Have you ever had problems with your eyesight and used marijuana and found that your eyesight improved? I realize sometimes it happens in the other direction– you use some really powerful cannabis and can’t see as well.
One of my closest friends always mentioned that when he was high, his vision seemed more clear, and his eyes felt better.
He went to an eye doctor who told him that because his father had the eye disease glaucoma, he too was at risk for it.
After an eye exam, the doctor confirmed that my friend had indications of possible glaucoma, and he suggested expensive chemical pharmaceuticals.
My friend talked to me, and I explained to him what I’m going to explain in this article, which is that medical marijuana is probably the best medicine to prevent and treat glaucoma.
First of all, what is glaucoma? It’s a complex eye disease in which the higher than average pressure inside the eye (called intraocular pressure or IOP) can cause optic nerve damage that leads to vision loss or even near-blindness.
Most people with vision loss from glaucoma first notice that their peripheral vision is failing.
If glaucoma is left untreated, the central part of your vision can start to fail.
If glaucoma is damaging you, the damage is often irreversible.
The eye doctor industry will often suggest pharmaceuticals and surgery.
But those of us who’ve studied medical cannabis, and who know people who’ve discovered that medical marijuana treats glaucoma, recommend that you consider using marijuana for glaucoma, in consultation with an enlightened medical doctor in a place where medical marijuana is legal to use.
Ironically, the formal discovery that marijuana helps glaucoma came about because law enforcement wanted to find out if marijuana caused dilation of the pupils of the eye.
During the 1970s, dilation of your eye’s pupils was used by police officers as “evidence” that you were high on marijuana, or perhaps a hallucinogen such as LSD.
Researchers working with Dr. Robert Hepler at UCLA’s Jules Stein Eye Institute conducted studies and soon found that smoking cannabis actually causes a slight pupillary constriction, rather than a dilation.
Over the next five years, Hepler and team continued to explore marijuana’s effects on the eye, especially the effect on intraocular pressure (IOP).
The data indicated that for 80% of patients studied, the reduction in IOP was very significant—up to 50% of baseline pressure.

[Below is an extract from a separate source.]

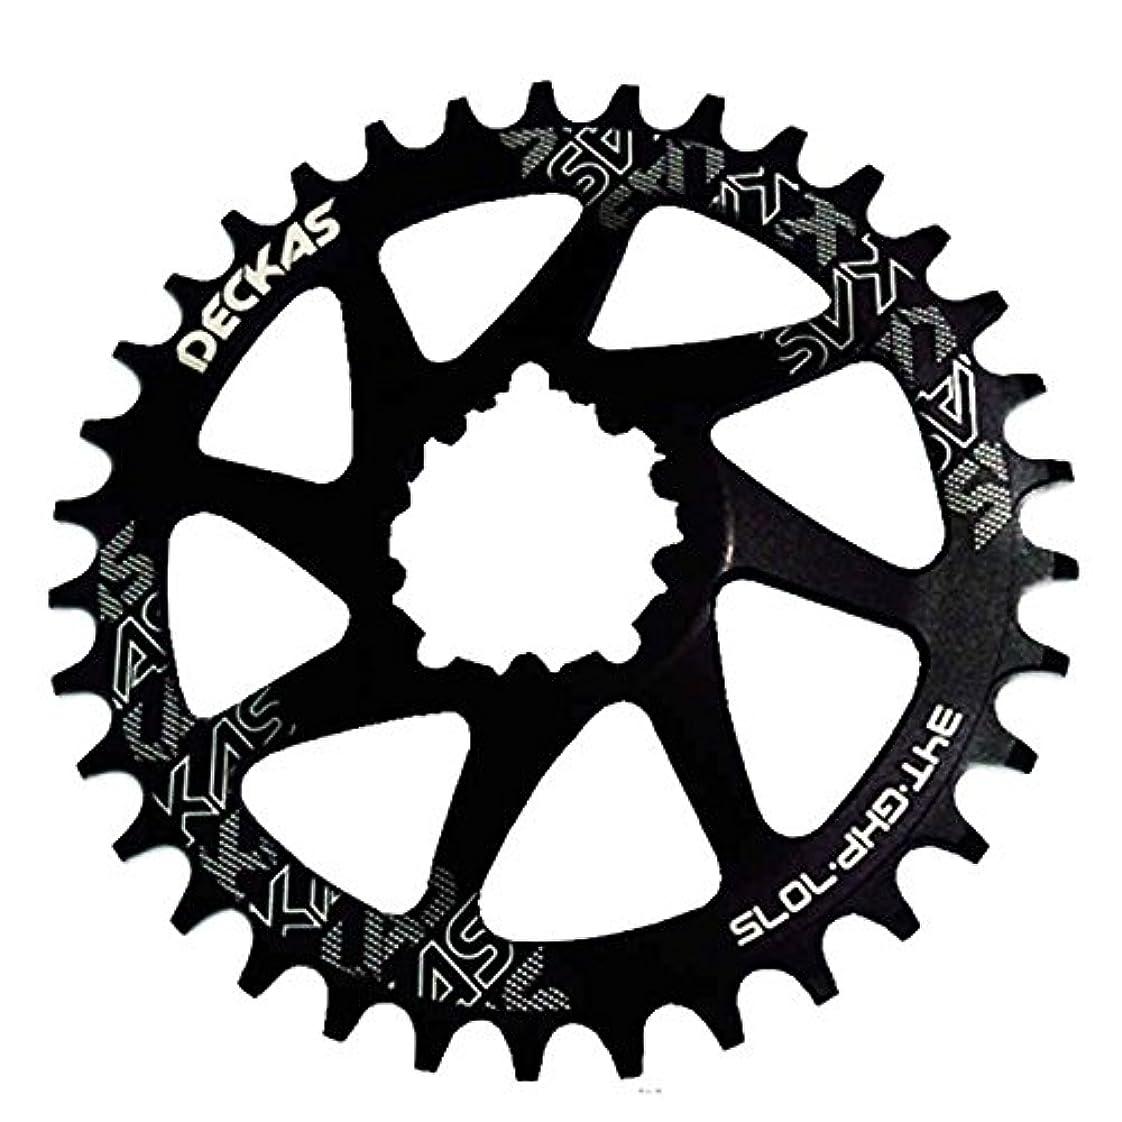 大砲胆嚢実装するPropenary - GXP bicycle crankset Al 7075 CNC32T 34T Narrow Wide Chainring Chainwheel for Sram XX1 XO1 X1 GX XO X9 crankset bicycle parts [ 36T Black ]

The first symptom of glaucoma is usually a slight blurring of vision. I (Al Byrne) experienced that kind of eyesight blurring within 24 hours of being struck in my right eye in a construction accident.
This is followed by reactions to light, in my case, a “white out” effect, like looking at a blank white piece of paper.
The IOP associated with this condition is elevated to a level so hight that light entering the eye diffuses.
This lasted about three days during which I was blind in one eye.
“The problem is,” said my doc, “glaucoma in one eye caused by trauma transfers to the undamaged eye.”
The IOP rating of “21” is the magic number of IOP. Above is bad, below is good.
I started out in the 40s in my damaged eye and about 20 in the good one. I talked it over with my doc. We agreed that I should smoke cannabis a lot. I did.
My pressure dropped dramatically and quickly.
In 24 hours I was at 20 in the damaged eye, 14 in the good one.
At 48 hours, both were at 14 and holding. I never did get glaucoma in my undamaged eye.
Hepler’s research supported the conclusion of a teacher named Robert “Bob” Randall, who had concluded that cannabis was saving his sight. But in 1075, Randall was busted for marijuana.
Dr. Hepler did extensive in-house studies of Randall and concluded that without cannabis, Bob would go blind.
Randall’s primary physician after reviewing the study results concluded that it would be medically unethical to deprive Randall of therapeutic access to marijuana.
Randall went on trial for marijuana in July 1976 in Washington, D.C.
His lawyers successfully argued that any sane man who knew marijuana could help to regain his sight would break the law to obtain the cannabis he medically required.
In May 1978, Randall became the first legal cannabis patient in the U.S.
In 1996 he wrote, “…I have been able to eliminate several far more dangerous glaucoma control agents, including timolol and oral diuretics, while still retaining stable control over my ocular pressure.”
So now you have a brief history of how medical marijuana treats glaucoma.
We suggest that you do more research, and consult with intelligent physicians who recognize that medical marijuana treats glaucoma.